- [HOW TO COMPLETE THIS TASK]: Repeat exactly the lines of the entries below from the one with "OLIVEIRA A MEXER" through the one with "GitKraken Git GUI", both ends included, and nothing else.

- [Dataset entries]:
_ _ _ _ _ _ _

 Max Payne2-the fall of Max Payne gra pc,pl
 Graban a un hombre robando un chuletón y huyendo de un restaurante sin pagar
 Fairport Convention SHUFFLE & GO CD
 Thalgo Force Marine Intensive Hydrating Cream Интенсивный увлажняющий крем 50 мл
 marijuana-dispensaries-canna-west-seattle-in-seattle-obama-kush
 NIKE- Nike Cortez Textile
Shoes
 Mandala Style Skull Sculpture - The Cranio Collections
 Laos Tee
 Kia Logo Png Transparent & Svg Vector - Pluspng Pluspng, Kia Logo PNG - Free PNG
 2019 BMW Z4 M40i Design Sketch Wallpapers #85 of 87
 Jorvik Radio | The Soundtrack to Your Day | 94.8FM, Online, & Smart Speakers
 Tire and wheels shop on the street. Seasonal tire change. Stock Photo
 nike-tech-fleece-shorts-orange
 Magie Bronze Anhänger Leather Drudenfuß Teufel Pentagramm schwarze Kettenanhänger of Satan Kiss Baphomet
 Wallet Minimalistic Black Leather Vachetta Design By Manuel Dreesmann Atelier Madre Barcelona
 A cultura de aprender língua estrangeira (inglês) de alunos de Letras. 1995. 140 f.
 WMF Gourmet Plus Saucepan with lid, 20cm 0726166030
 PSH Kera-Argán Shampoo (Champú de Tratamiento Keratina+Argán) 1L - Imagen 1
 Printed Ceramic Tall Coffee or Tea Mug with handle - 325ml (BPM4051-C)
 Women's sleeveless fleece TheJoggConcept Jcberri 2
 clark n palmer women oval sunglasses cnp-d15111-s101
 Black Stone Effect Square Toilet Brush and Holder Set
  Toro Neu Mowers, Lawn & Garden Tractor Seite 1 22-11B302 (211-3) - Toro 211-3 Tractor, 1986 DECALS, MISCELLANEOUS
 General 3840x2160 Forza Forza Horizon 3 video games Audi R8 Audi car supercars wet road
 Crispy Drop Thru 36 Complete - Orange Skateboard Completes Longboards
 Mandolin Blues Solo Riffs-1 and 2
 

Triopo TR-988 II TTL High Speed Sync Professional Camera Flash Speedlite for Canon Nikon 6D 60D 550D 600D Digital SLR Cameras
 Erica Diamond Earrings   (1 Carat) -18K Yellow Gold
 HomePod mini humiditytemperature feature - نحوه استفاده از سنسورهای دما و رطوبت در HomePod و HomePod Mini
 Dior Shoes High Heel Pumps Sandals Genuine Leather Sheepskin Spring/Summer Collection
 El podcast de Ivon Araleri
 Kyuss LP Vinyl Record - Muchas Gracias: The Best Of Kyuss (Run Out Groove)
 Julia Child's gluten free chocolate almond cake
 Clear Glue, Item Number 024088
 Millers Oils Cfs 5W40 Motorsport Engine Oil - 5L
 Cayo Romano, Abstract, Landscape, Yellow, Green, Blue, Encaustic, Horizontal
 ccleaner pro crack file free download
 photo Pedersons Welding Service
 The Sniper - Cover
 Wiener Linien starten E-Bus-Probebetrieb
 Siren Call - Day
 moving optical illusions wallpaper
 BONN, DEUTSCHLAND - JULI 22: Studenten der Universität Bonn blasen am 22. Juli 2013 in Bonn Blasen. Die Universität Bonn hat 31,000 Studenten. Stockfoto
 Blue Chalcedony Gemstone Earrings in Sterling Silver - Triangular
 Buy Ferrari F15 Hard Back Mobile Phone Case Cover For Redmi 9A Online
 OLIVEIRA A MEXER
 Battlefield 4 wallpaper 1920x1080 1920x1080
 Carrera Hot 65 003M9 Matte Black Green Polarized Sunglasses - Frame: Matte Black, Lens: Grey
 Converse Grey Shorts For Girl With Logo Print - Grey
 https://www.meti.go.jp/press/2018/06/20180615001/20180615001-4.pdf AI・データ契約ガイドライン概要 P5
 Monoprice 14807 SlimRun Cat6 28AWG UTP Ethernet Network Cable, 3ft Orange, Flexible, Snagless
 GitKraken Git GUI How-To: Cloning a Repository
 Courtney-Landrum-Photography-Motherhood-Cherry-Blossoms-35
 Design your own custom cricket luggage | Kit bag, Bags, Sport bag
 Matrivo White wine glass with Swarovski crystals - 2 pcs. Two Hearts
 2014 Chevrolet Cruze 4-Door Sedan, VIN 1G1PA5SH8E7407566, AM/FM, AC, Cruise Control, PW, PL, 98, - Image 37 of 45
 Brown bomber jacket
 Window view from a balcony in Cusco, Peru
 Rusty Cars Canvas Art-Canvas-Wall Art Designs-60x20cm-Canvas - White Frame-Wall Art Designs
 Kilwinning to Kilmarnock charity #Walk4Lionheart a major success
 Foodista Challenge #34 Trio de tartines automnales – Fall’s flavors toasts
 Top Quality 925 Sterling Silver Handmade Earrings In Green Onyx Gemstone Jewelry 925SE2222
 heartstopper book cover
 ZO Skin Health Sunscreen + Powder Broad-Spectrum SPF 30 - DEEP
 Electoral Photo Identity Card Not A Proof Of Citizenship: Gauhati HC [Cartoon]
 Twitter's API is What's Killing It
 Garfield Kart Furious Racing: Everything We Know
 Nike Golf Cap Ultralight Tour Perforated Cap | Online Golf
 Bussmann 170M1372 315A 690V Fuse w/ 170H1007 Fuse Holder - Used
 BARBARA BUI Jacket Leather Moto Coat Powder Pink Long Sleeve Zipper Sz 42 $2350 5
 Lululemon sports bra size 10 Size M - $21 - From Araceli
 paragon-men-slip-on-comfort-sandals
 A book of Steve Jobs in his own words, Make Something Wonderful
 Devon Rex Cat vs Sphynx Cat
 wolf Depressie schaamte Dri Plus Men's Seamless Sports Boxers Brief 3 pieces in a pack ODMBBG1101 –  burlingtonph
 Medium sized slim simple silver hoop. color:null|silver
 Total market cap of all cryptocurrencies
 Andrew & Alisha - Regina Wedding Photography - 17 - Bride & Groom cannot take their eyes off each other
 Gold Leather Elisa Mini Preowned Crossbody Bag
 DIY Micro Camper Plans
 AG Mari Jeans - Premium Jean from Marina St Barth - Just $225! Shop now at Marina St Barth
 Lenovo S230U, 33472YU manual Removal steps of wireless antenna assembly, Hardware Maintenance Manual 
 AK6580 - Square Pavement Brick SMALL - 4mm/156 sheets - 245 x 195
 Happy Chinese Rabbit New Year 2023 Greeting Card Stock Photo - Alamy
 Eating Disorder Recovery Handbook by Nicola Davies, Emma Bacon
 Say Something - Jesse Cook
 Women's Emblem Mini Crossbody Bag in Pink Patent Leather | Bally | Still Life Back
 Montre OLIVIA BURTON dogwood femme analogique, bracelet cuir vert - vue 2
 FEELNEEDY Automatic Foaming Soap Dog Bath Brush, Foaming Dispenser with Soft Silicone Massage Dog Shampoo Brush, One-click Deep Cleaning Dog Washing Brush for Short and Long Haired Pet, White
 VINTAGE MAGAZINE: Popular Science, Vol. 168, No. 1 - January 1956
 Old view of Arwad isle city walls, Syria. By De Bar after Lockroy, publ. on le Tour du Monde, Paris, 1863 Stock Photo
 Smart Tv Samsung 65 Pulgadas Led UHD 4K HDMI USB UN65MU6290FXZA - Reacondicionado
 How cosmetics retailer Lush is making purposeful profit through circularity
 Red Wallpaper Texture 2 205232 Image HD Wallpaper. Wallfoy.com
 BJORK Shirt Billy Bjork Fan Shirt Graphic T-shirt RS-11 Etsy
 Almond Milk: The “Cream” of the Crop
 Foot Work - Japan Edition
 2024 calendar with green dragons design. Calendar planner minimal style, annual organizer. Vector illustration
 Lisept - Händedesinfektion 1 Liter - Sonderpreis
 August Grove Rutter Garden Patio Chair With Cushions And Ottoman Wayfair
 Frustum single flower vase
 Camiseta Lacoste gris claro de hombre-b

_ _ _ _ _ _ _

- [FINAL ANSWER]:
 OLIVEIRA A MEXER
 Battlefield 4 wallpaper 1920x1080 1920x1080
 Carrera Hot 65 003M9 Matte Black Green Polarized Sunglasses - Frame: Matte Black, Lens: Grey
 Converse Grey Shorts For Girl With Logo Print - Grey
 https://www.meti.go.jp/press/2018/06/20180615001/20180615001-4.pdf AI・データ契約ガイドライン概要 P5
 Monoprice 14807 SlimRun Cat6 28AWG UTP Ethernet Network Cable, 3ft Orange, Flexible, Snagless
 GitKraken Git GUI How-To: Cloning a Repository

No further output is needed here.